К полудню очухались духи. Видят – немного наших, захотели лакомый кусочек отбить. Постреляли в сторону моста, наши – в ответ. Только было собрались они в атаку, да, видать, духа не хватило. Не пошли. Но постреливать постреливали все три дня, пока не подошел менять первую роту батальон мотострелков, на БТРах с приданным танковым взводом.

Солдат – к медалям, офицеров к орденам представил комбриг. Вот только широко улыбнулась и вспорхнула на грудь к старшему лейтенанту Козлову военная жар-птица. Из штаба 40-й армии настоятельно порекомендовали комбригу представить командира роты к званию Героя Советского Союза.

Когда страна прикажет быть героем, у нас героем становится любой. Операция «Мост» была одной из самых первых боевых удач Советской Армии в Афгане. Ну, и исторические факты можно вспомнить: «Чертов мост» Суворова в Альпах, Аркольский мост Наполеона. А мы что, хуже?

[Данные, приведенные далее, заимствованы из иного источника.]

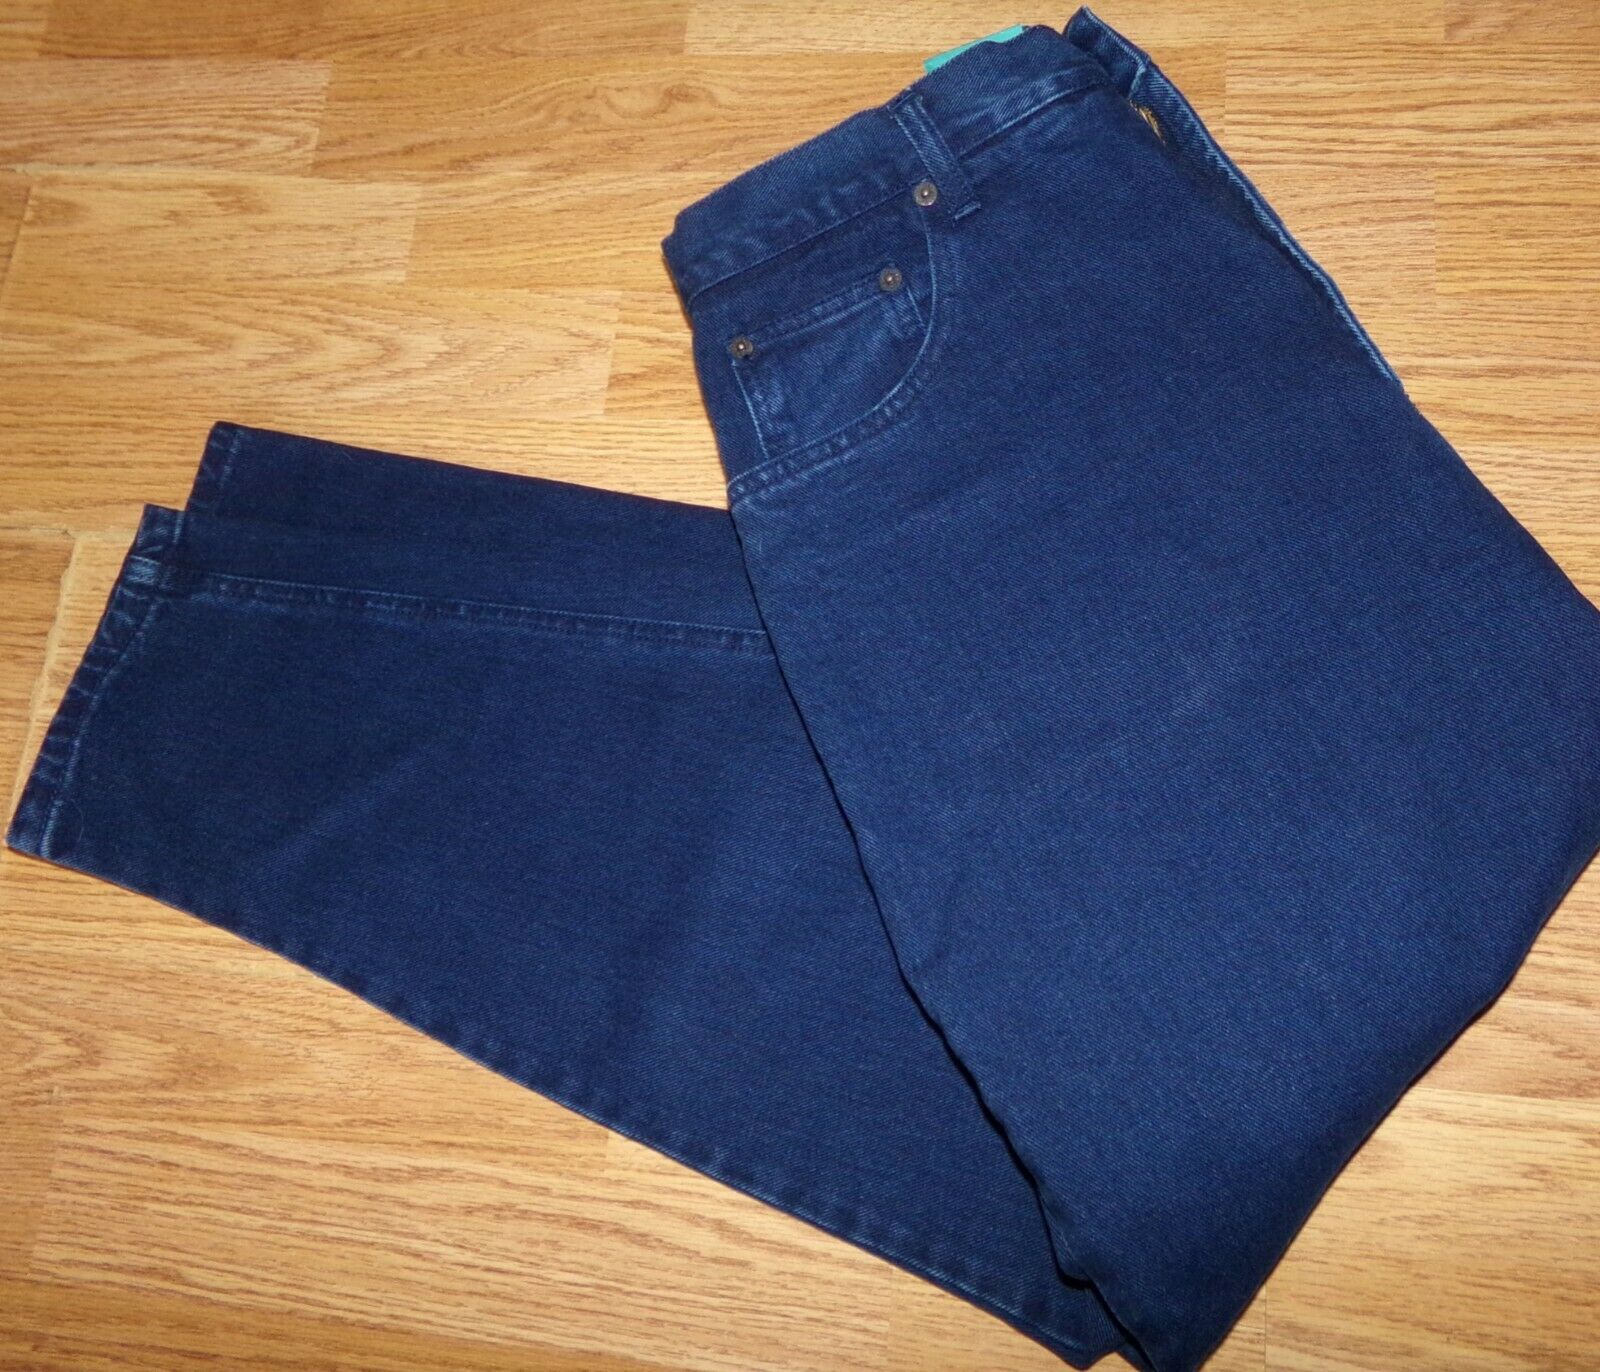 Nwt Merona Womens Size 16p Blue Jeans Relaxed Tapered Leg High Waist Vintage

Нет, и у нас свои герои есть, достойные, так сказать, наследники титанов прошлого.

Смогли бы эту боевую задачу выполнить другие солдаты и офицеры бригады? Мой ответ – да! Любое боевое подразделение 56-го ОДШБ выполнило бы этот приказ ничуть не хуже. Впоследствии мы участвовали и в более сложных и тяжелых в боевом отношении операциях. Только на войне у каждого своя судьба: кому пуля, кому орден; кому выговор, а кому и быстрая карьера. А большинству и совсем ничего, это уж кому как повезет.

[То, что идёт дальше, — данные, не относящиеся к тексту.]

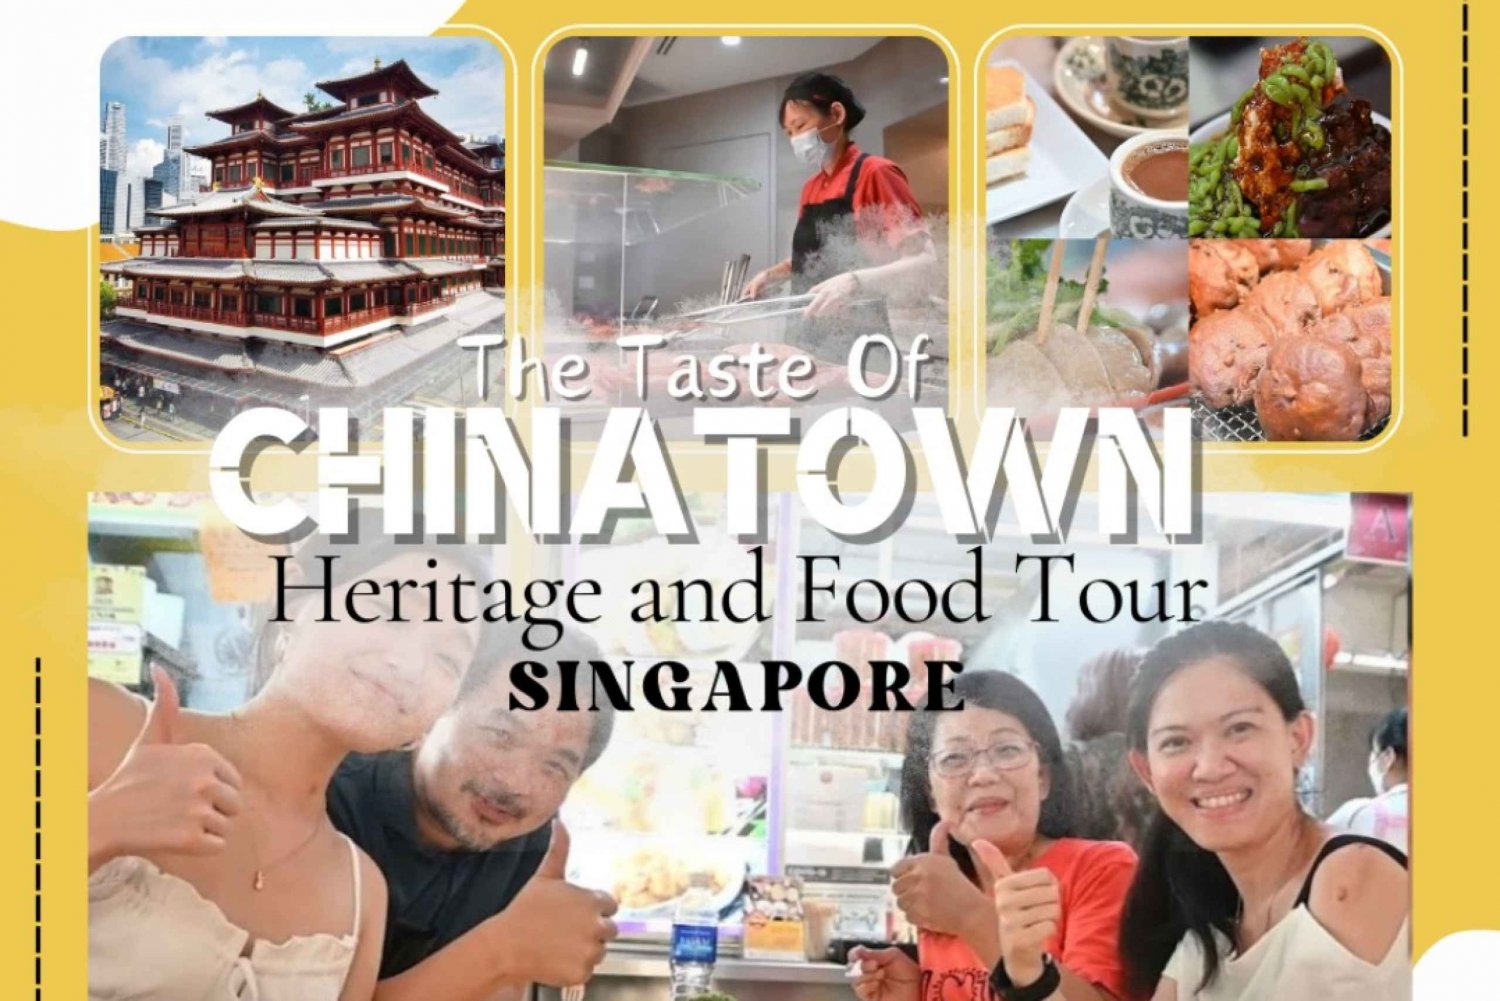 Singapore: Explore Chinatown Culture with 8 local tastings

Старшему лейтенанту Козлову повезло. Представить к званию Героя Советского Союза, присвоить вне очереди воинское звание капитан, направить на учебу в академию. Выполнять! Ну так Герой Советского Союза капитан Козлов все это честно заслужил, за чужими спинами не прятался, в одной цепи с бойцами шел, вышестоящему командованию задницу не вылизывал, а самое главное, для такого боя потери у него в роте небольшие были.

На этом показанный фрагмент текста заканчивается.